WORK TASK: The line containing "Nox Aurea – Ascending in Triumph Review" and every line after it, through the end of the material: copy these exactly and nothing else, leaving pictures out.

SOURCE MATERIAL:
= = =

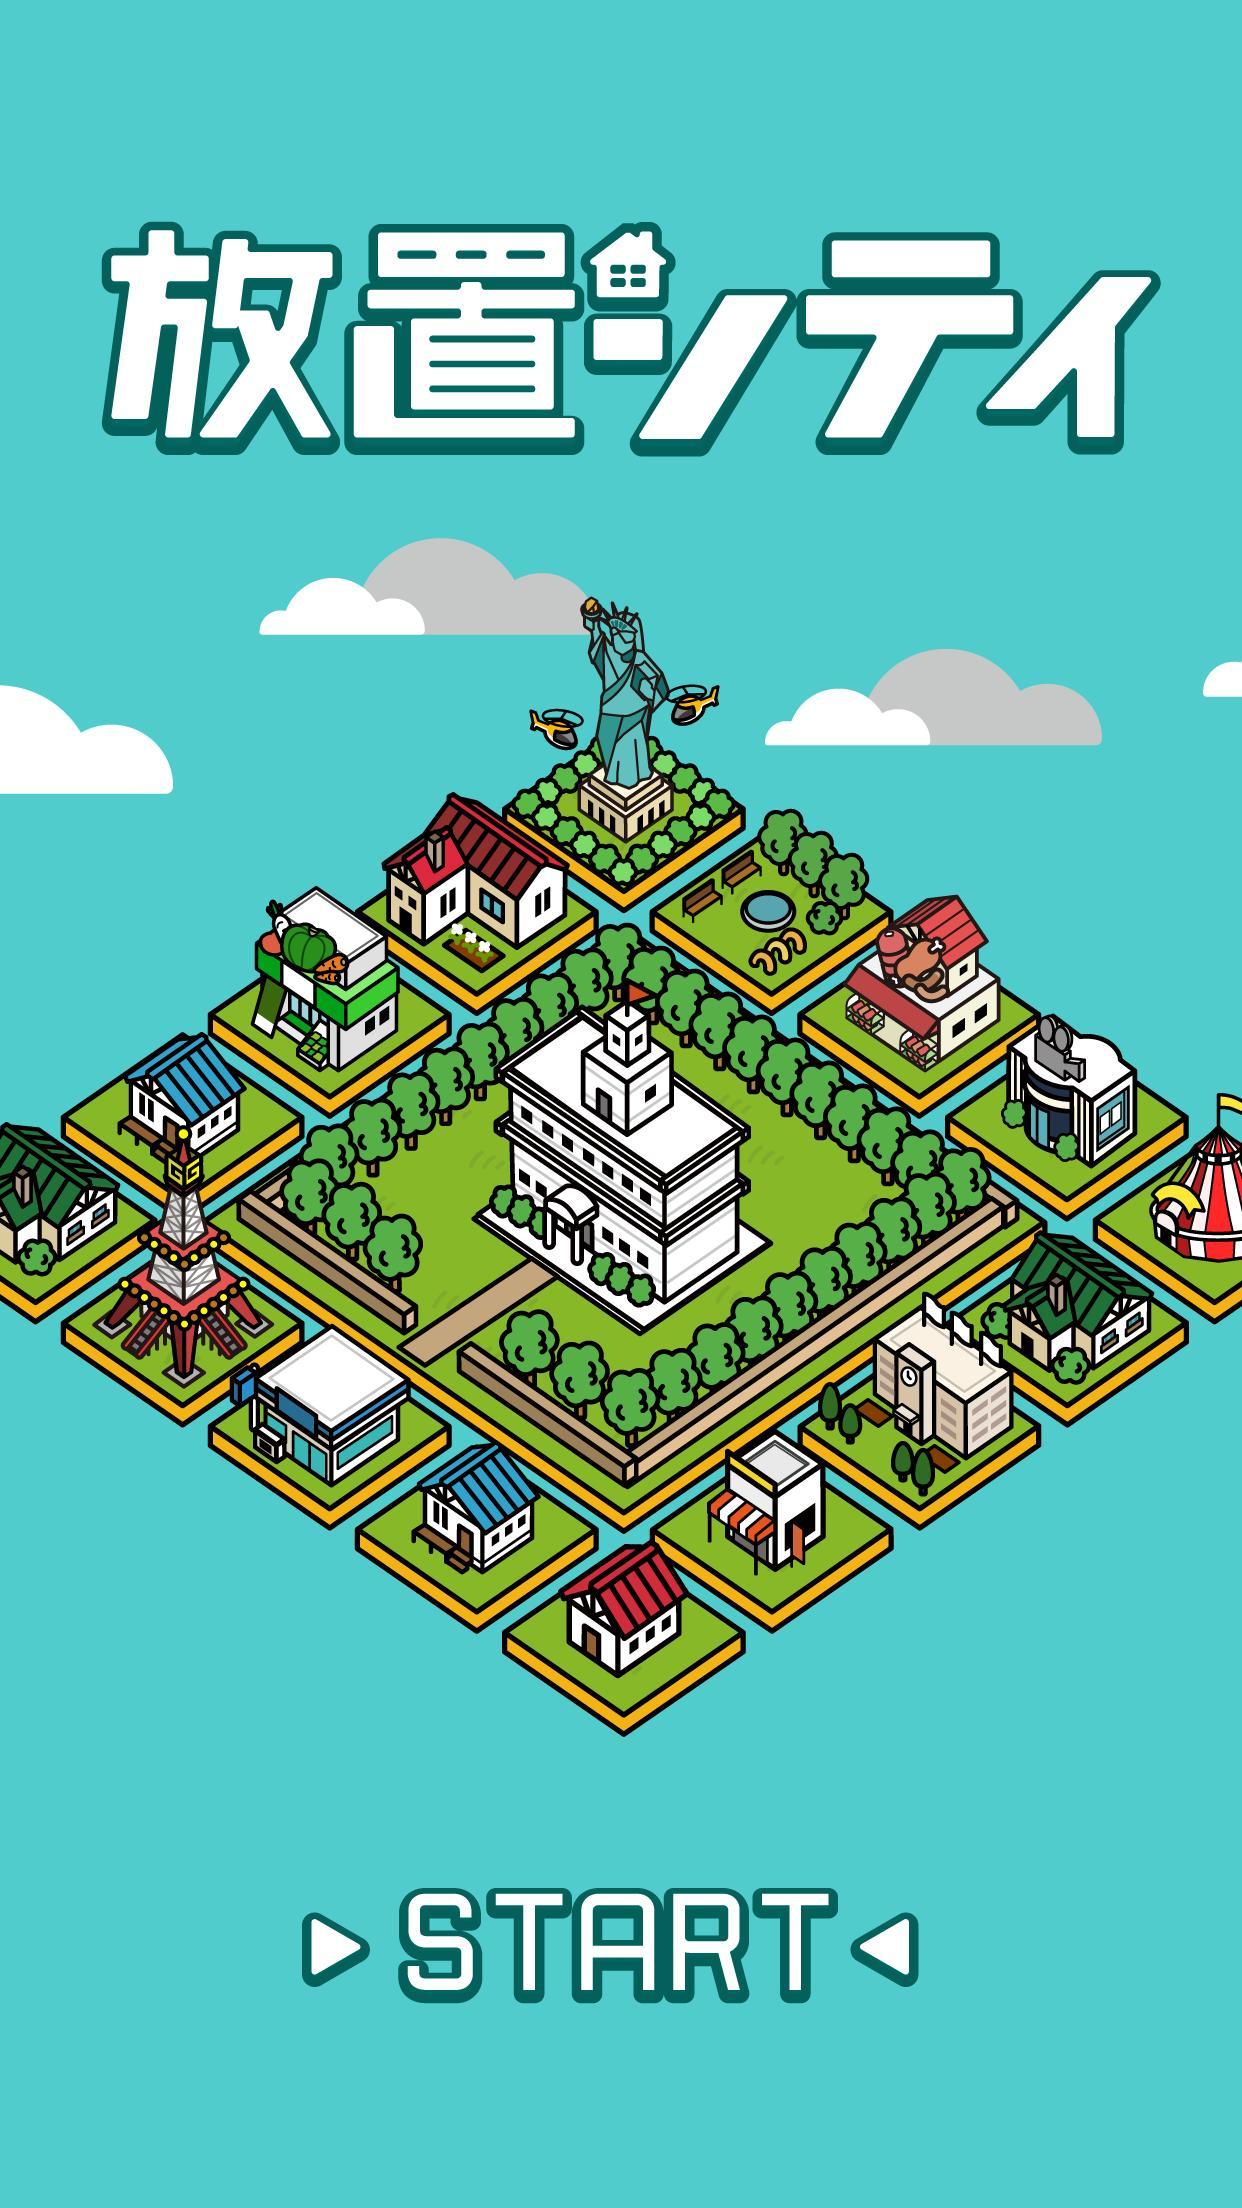 放置シティ ~のんびり街づくりゲーム~ 1.7.0 Screenshot 1
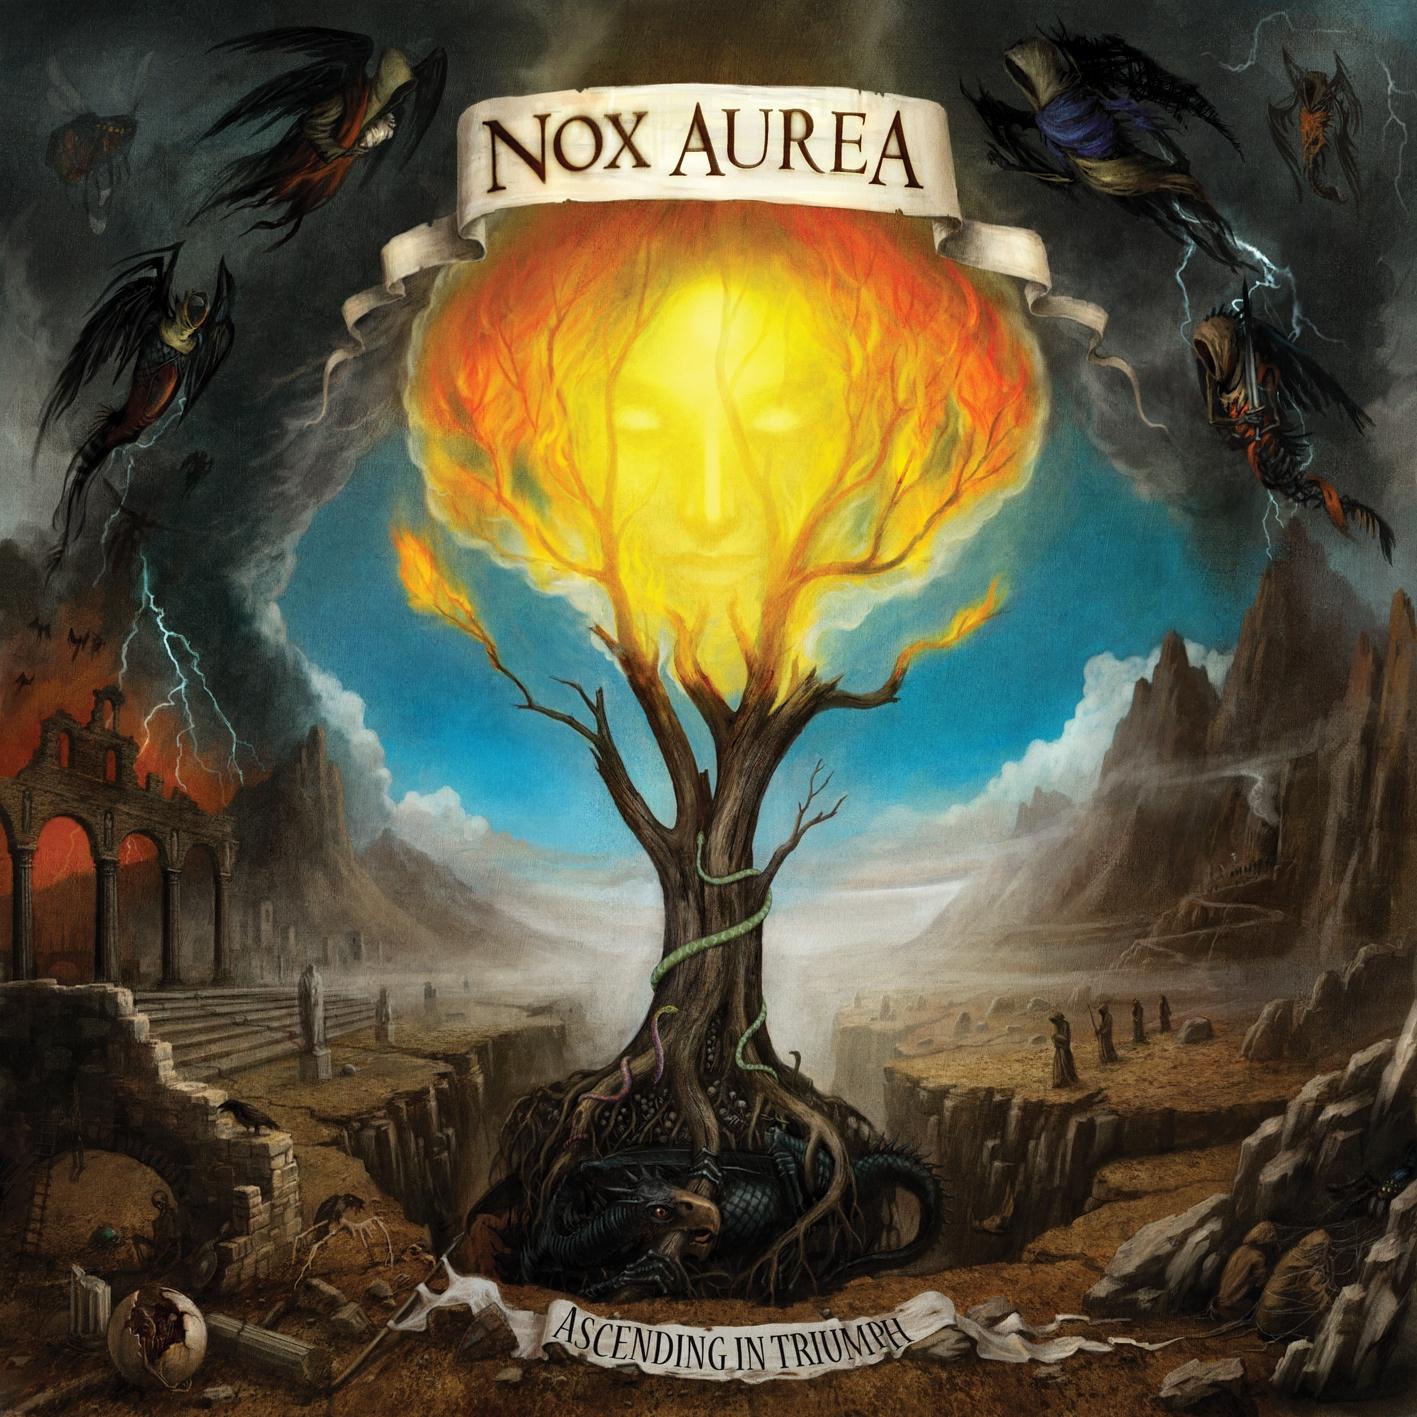 Nox Aurea – Ascending in Triumph Review
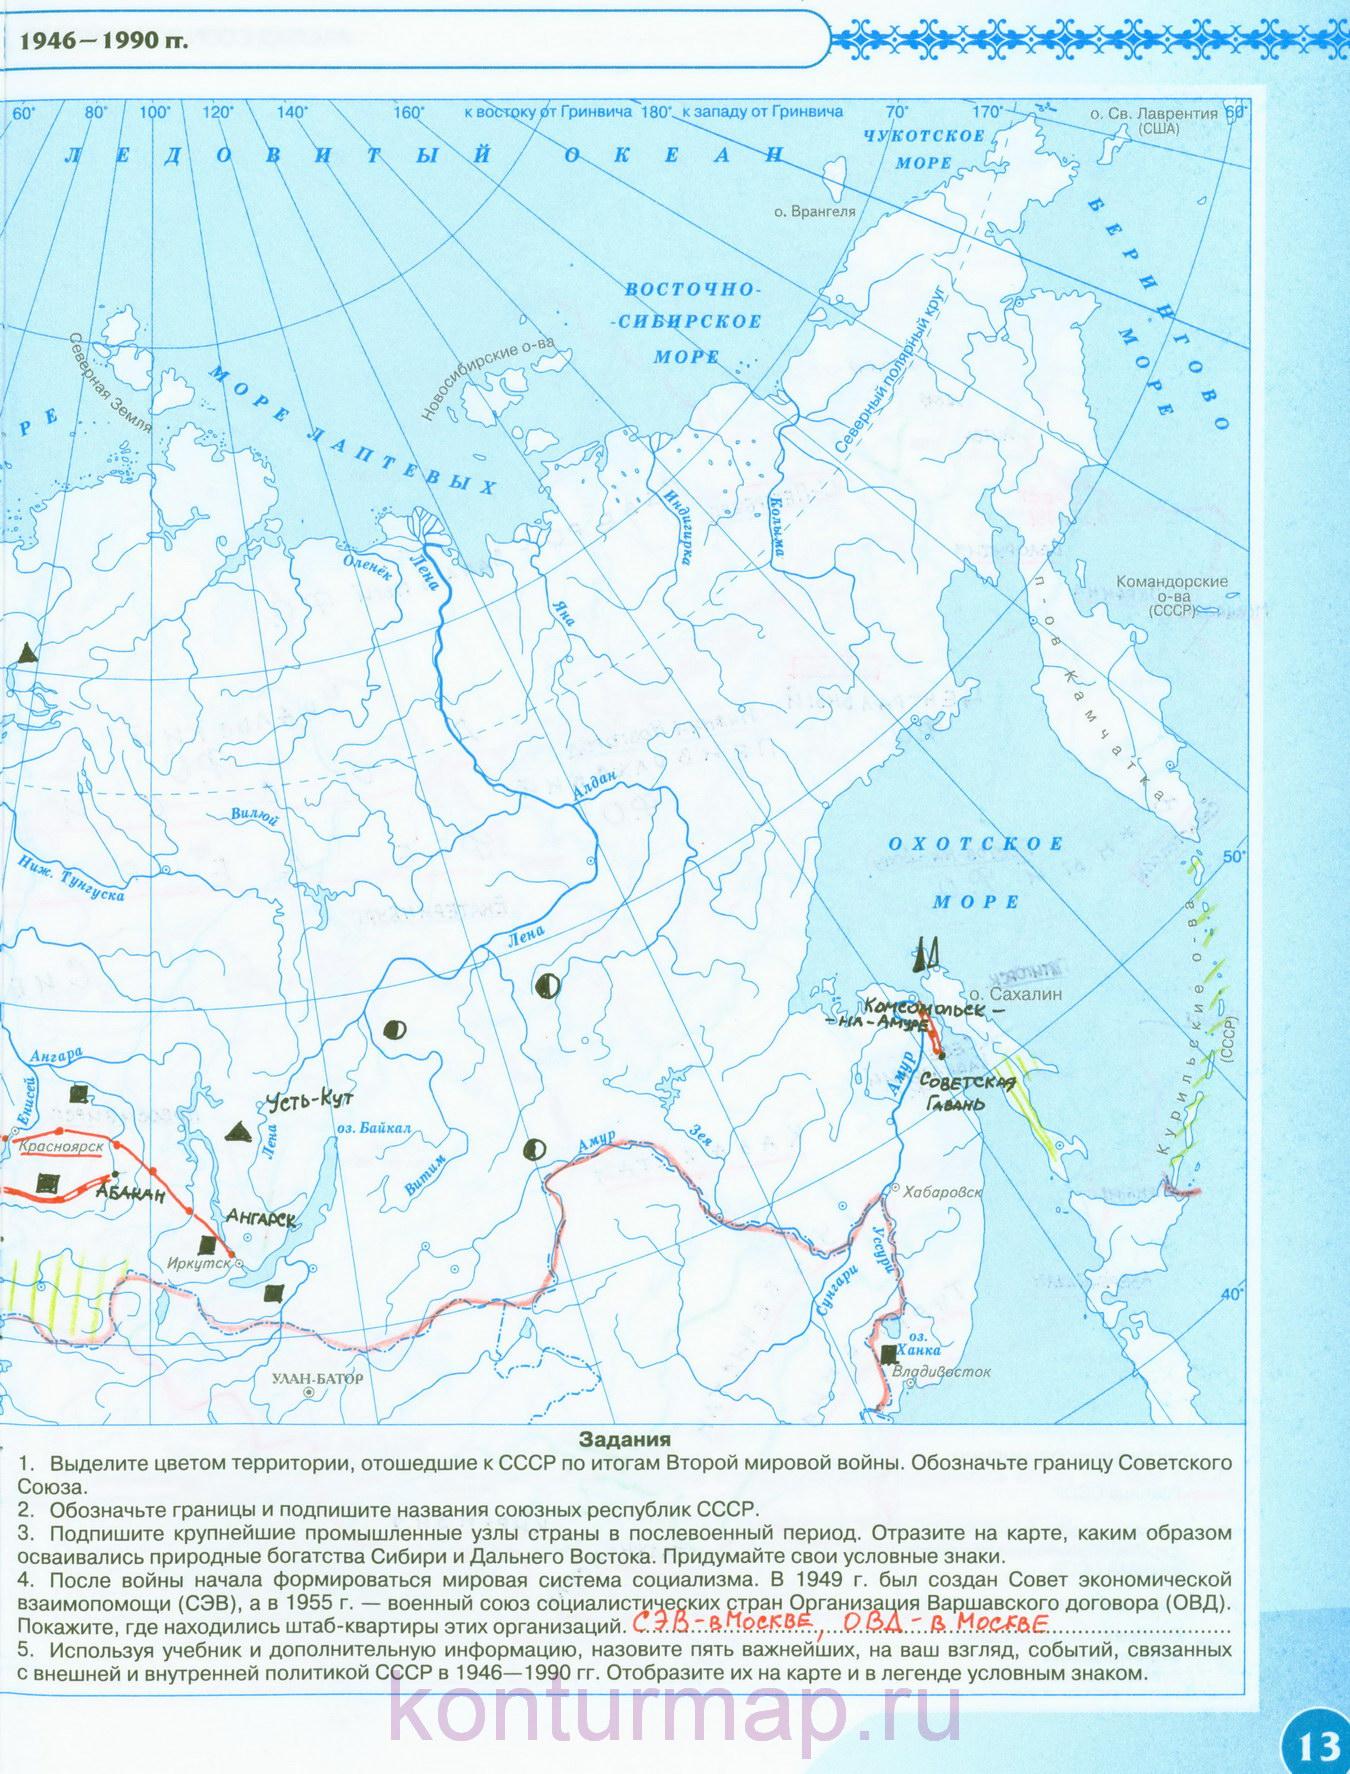 Карта в атласе 10 класса о мировых природных ресурсов с условными знаками
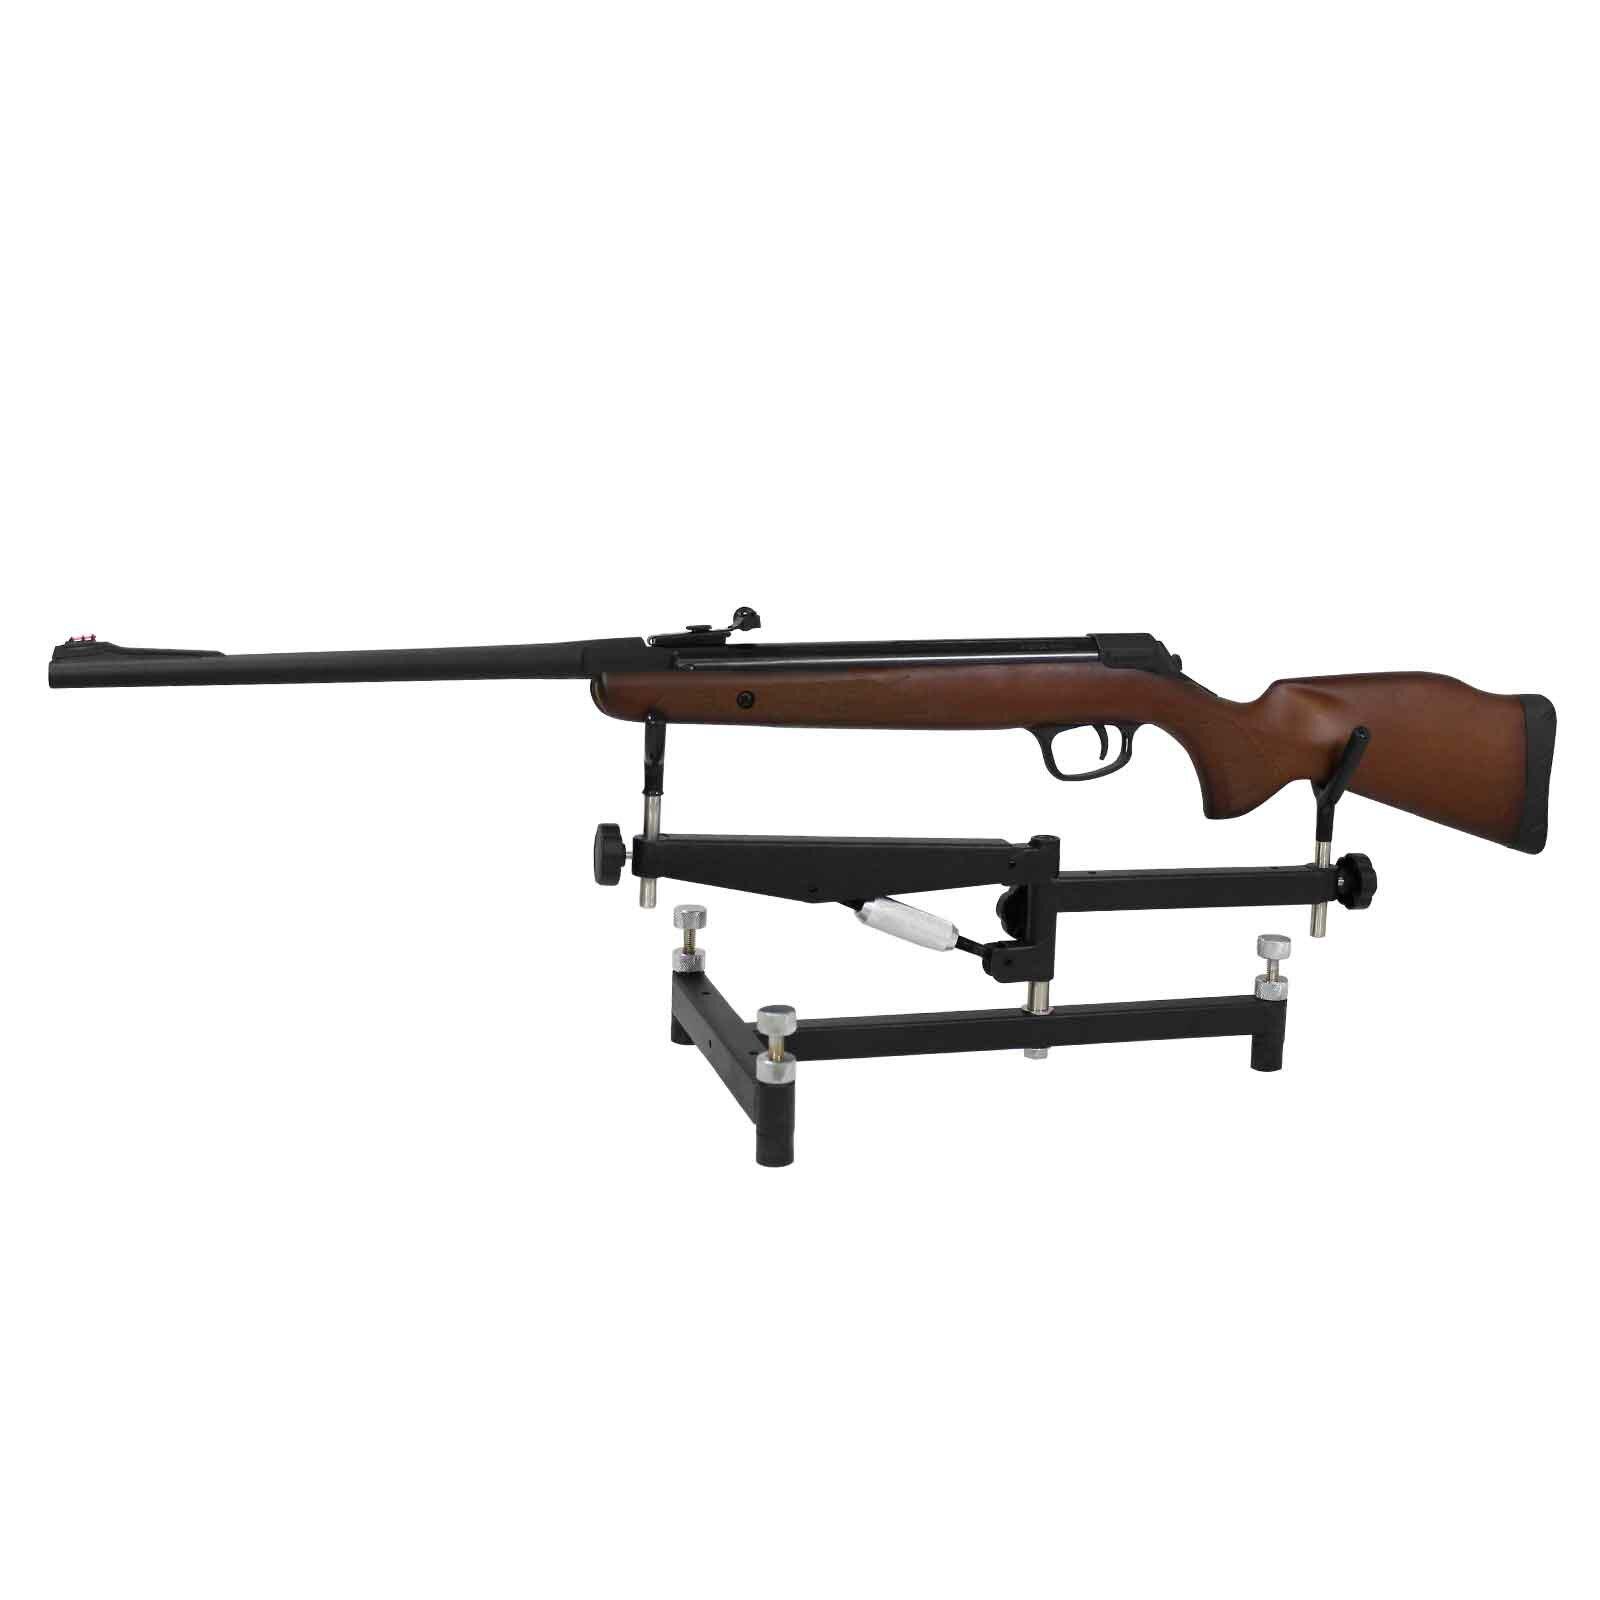 4komma5 Einschiessbock TQ40 für Armbrust und Gewehr

= = =

YOUR RESPONSE:
 Nox Aurea – Ascending in Triumph Review
 Карта в атласе 10 класса о мировых природных ресурсов с условными знаками
 4komma5 Einschiessbock TQ40 für Armbrust und Gewehr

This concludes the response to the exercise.